Yesterdish’s Tagliatelle with Kale and Tomato

Well, you want to try that tomato sauce you just made, don’t you? I know I do.

Once the sauce is made, this is an extremely simple recipe. If you make the sauce on a weekend, this is a very good weeknight meal, assuming you’ve got your pasta dough technique down.

(If you aren’t yet making your own pasta at times, I’ll say this: if you try and something goes awry, but you have a box of spaghetti handy, you won’t go hungry. The sauce will go just as well with either.)

When I sit down in front of a plate of tagliatelle, the world quiets around me, and from the first fork to the last, I’m calm and content and even, at times, happy.

But tagliatelle is something special. It’s a fresh (that is, egg) pasta from Emilia-Romagna that’s cut to be 6 millimeters, or about a quarter-inch, wide. A lot of people are confused about the difference fettuccine and tagliatelle. The short version is that, in Italy, that tagliatelle is generally slightly wider, but there’s some overlap in the acceptable width range. In the U.S., that distinction has not been maintained as cleanly.
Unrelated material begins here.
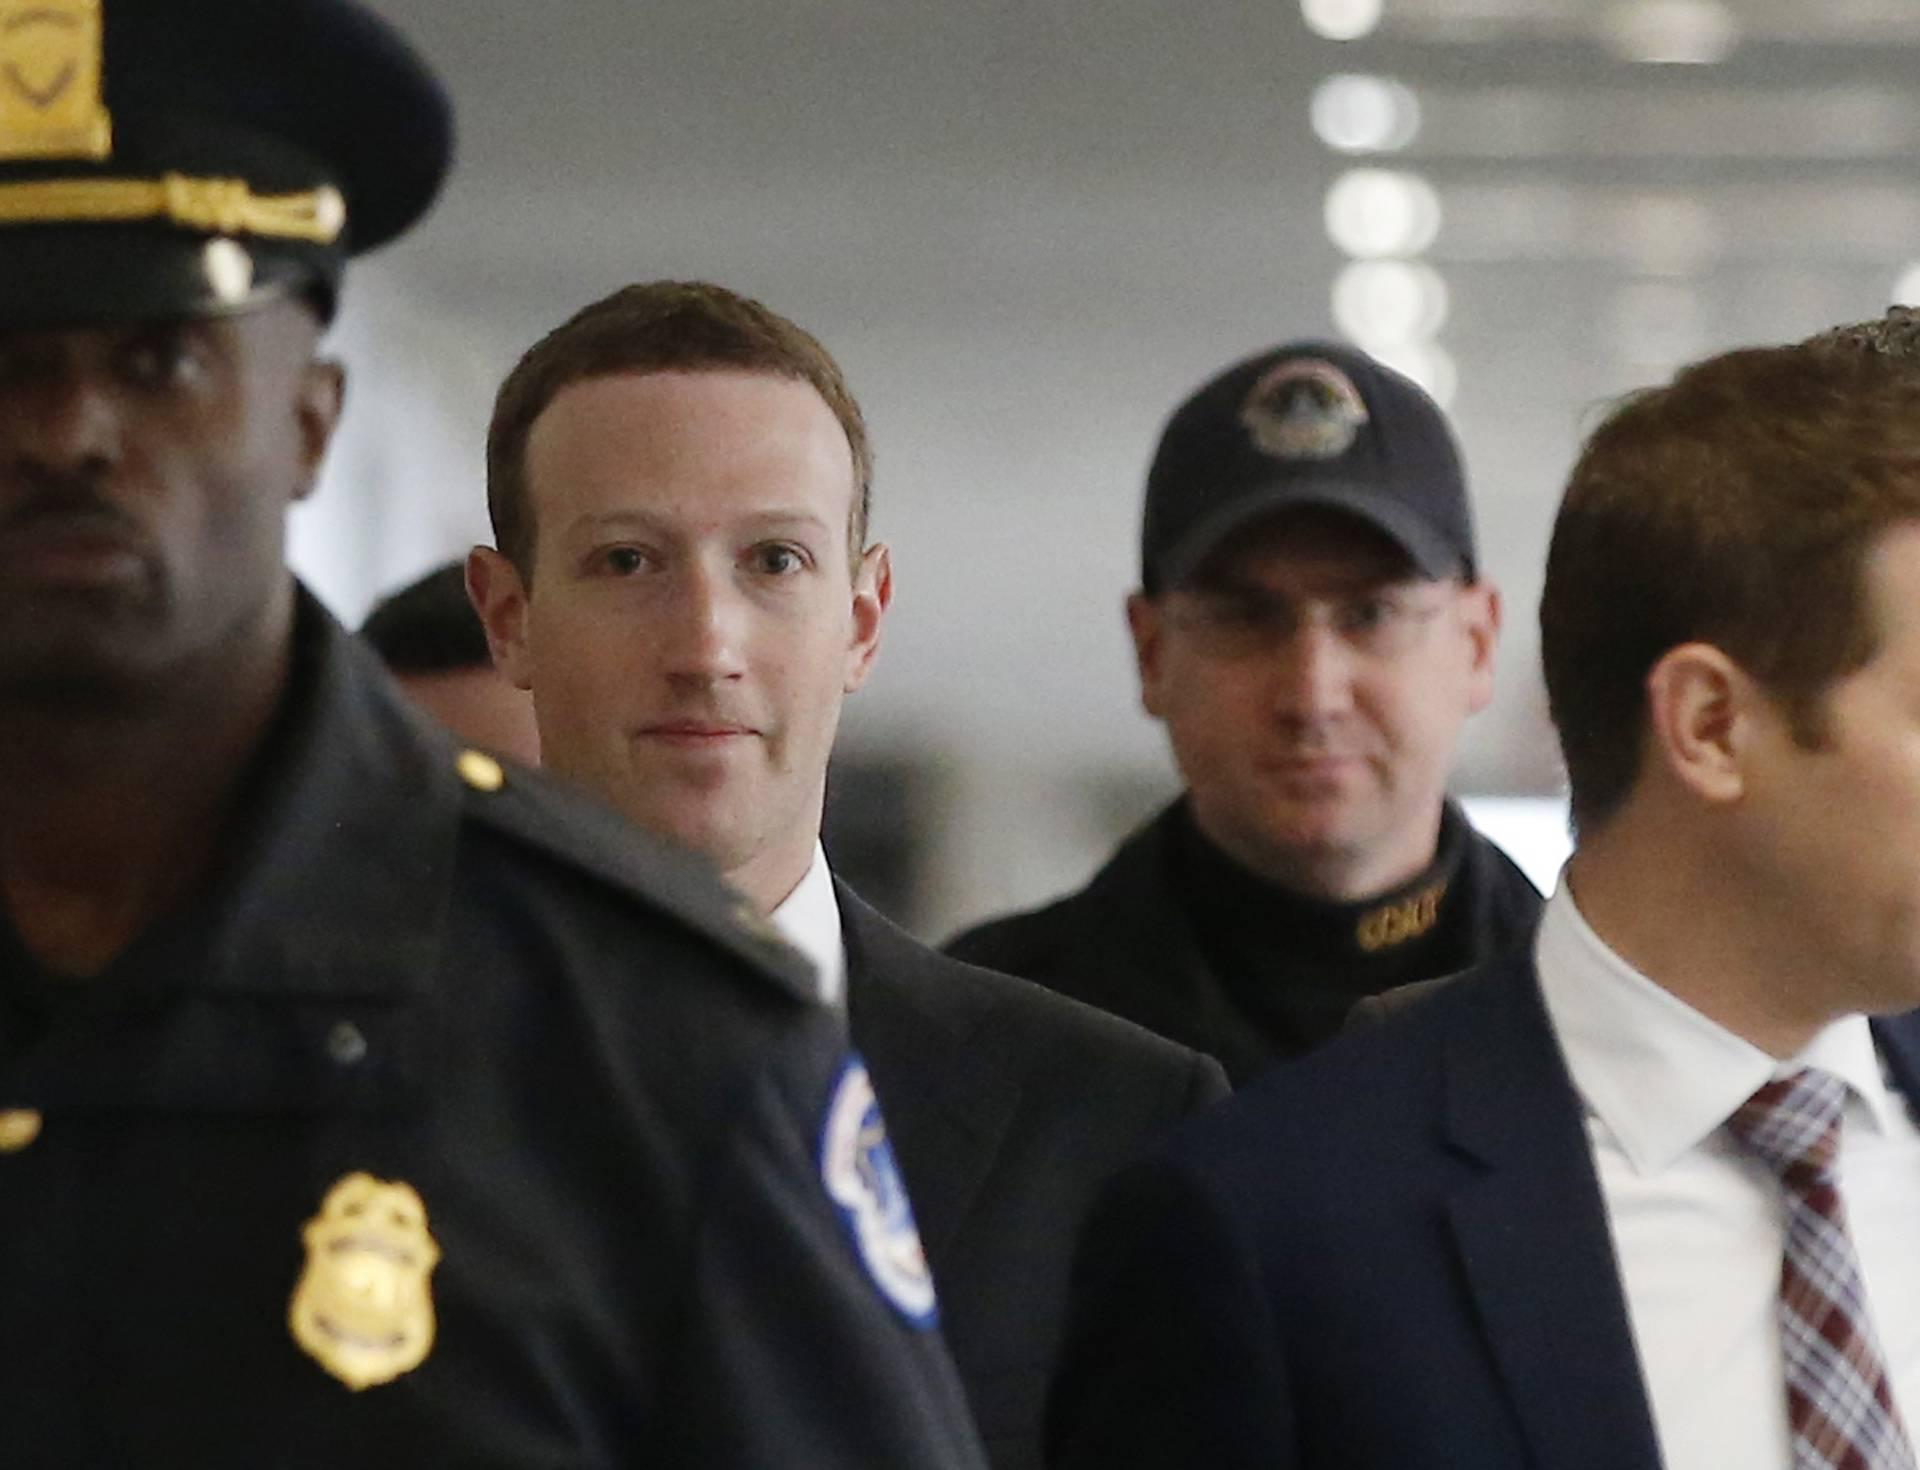 Mark Zuckerberg arrives for meeting with U.S. Senator Nelson on Capitol Hill in Washington
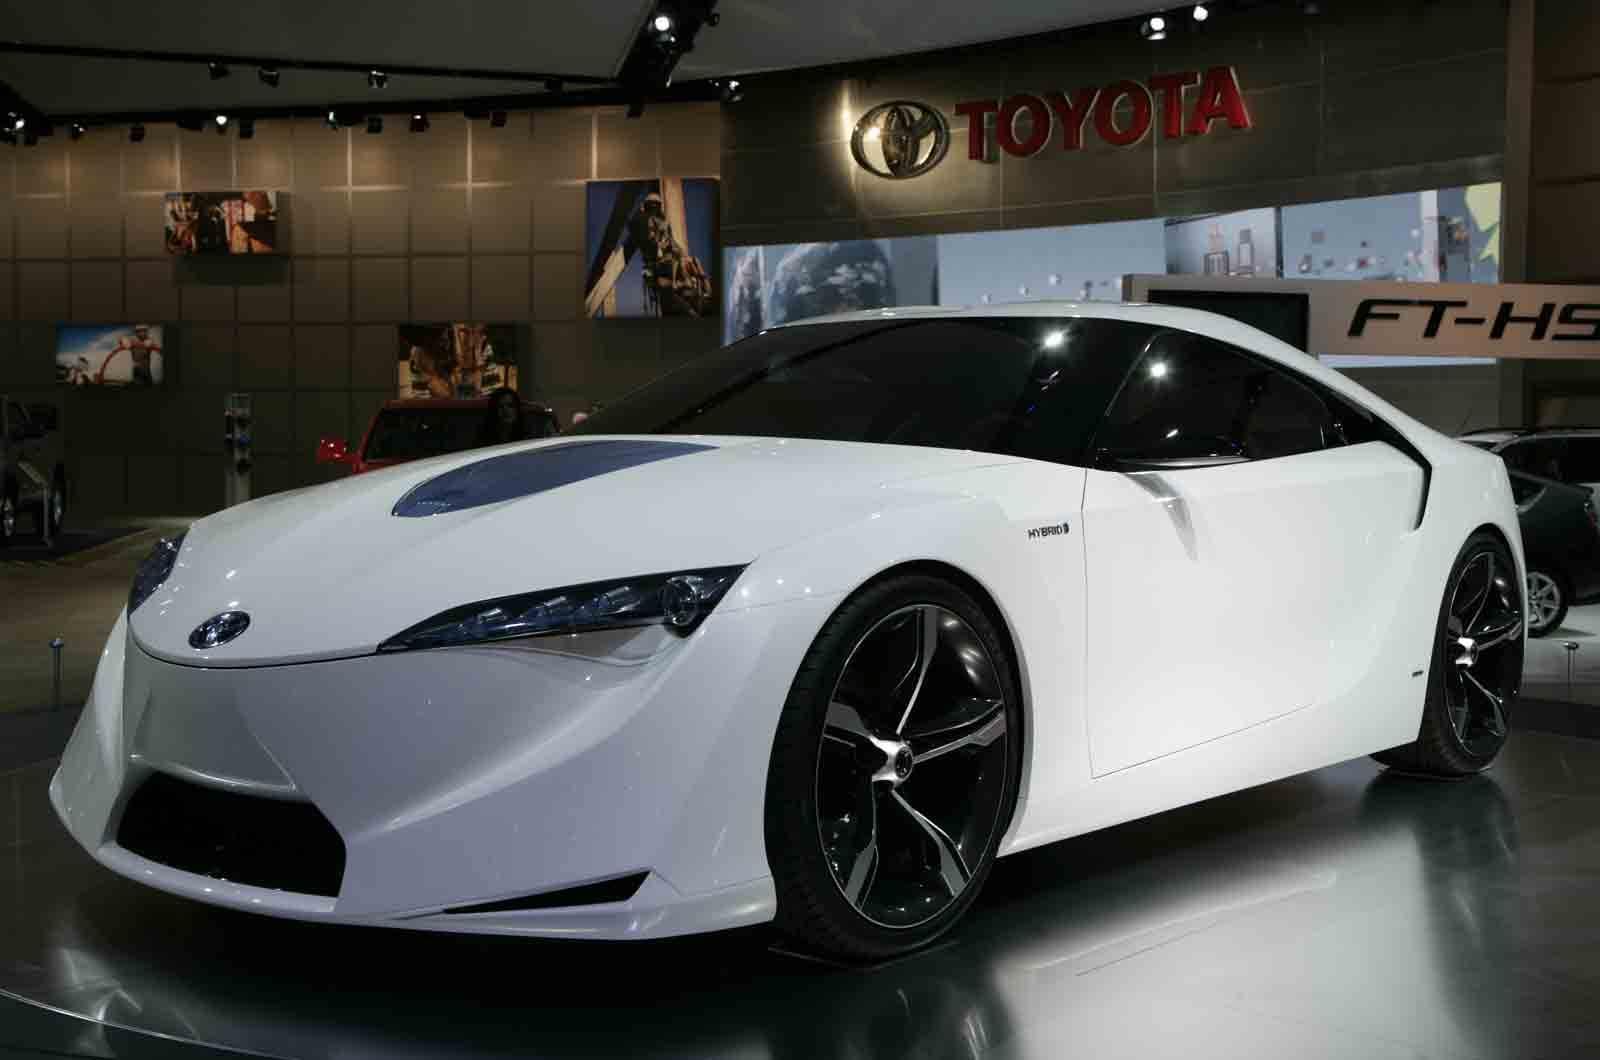 Toyota to showcase Supra concept at Detroit

(Wikipedia, as usual, actually has the distinction wrong. They cite Ada Boni’s 1983 edition of La Cucina Romana as saying fettuccine is slightly wider. Well, Ada Boni was long dead at that point, and didn’t edit her own writing when she was alive. Many of the recipes in later editions were inserted by editors. I have her 1969 book on regional Italian cooking, and her recipes for fettuccine and tagliatelle both say to cut them half an inch wide, a measurement she wouldn’t even have used. So either the pasta changed shape or we need to recognize her books are insufficient authority for things like pasta varieties.)

The reason for the confusion is that even in Italy, where talking about pasta is really talking about somebody’s grandmother, the distinction we’re talking about is somewhere around one millimeter. And we could go on and on about this for hours, but it’s not really the point. It’s my recipe, and it’s tagliatelle.

Nobody could eat pasta like my grandfather. He ate it every day; if it wasn’t part of dinner, then dinner wasn’t over. And not just regular dinners, either; I distinctly remember more than one Thanksgiving lasagna joining the full turkey dinner. (I think I remember there was also a spiral-cut ham there, because clearly, a full Thanksgiving dinner and a lasagna aren’t enough. For the record, there were eight of us at these dinners. Two of us were children. The lasagna alone served about twenty-four.)

I never complained, and even started to understand, as I got older. When I sit down in front of a plate of tagliatelle, the world quiets around me, and from the first fork to the last, I’m calm and content and even, at times, happy.

Which is pretty impressive, for flour, egg, kale and tomato.

From Yesterdish’s recipe box.

Yesterdish’s Tagliatelle with Kale and Tomato

Around 3 c. kale, washed and chopped roughly
2 c. fresh tomato sauce
1 egg basic pasta dough, cut into tagliatelle
olive oil spray; Parmesan cheese, if desired

Over medium heat, saute kale with olive oil spray till tender. Add tomato sauce. Reduce heat to warm. Toss with hot taglia telle. Turn off heat and add chesse if desired.